*YOUR ASSIGNMENT:* Locate the line that contains "Pixel bet casino" in the entries below, then repeat it and every following line through the line that contains "Learning & Development Advisor website", exactly, and no others.

──────────────────────────────

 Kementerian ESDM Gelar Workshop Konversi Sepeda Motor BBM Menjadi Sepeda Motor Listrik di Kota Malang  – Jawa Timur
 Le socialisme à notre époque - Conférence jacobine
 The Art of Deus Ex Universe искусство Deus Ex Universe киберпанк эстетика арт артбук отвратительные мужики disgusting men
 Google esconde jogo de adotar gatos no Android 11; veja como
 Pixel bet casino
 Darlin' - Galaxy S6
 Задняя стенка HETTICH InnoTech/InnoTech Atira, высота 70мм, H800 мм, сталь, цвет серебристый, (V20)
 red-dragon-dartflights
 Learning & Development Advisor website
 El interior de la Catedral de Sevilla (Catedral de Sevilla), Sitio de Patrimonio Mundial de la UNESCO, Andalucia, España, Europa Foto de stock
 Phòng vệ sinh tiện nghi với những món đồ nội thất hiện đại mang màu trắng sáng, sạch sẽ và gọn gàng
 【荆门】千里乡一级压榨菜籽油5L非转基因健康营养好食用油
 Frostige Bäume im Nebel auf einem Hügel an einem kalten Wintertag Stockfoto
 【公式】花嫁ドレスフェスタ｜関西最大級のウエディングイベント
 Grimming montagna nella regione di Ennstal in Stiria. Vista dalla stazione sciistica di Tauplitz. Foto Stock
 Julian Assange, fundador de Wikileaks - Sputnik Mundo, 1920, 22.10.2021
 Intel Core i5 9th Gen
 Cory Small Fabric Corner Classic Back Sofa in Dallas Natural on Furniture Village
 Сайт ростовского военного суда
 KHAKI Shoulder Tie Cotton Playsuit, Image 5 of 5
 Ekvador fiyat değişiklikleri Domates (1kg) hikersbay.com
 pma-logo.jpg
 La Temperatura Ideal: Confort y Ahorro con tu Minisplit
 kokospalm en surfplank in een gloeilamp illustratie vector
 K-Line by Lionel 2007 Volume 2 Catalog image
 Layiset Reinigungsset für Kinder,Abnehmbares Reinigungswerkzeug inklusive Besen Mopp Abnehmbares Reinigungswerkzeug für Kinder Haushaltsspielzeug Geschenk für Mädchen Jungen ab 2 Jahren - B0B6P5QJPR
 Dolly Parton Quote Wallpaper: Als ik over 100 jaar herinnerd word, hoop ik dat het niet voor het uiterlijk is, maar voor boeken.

──────────────────────────────

*RESPONSE FOR THIS EXERCISE:*
 Pixel bet casino
 Darlin' - Galaxy S6
 Задняя стенка HETTICH InnoTech/InnoTech Atira, высота 70мм, H800 мм, сталь, цвет серебристый, (V20)
 red-dragon-dartflights
 Learning & Development Advisor website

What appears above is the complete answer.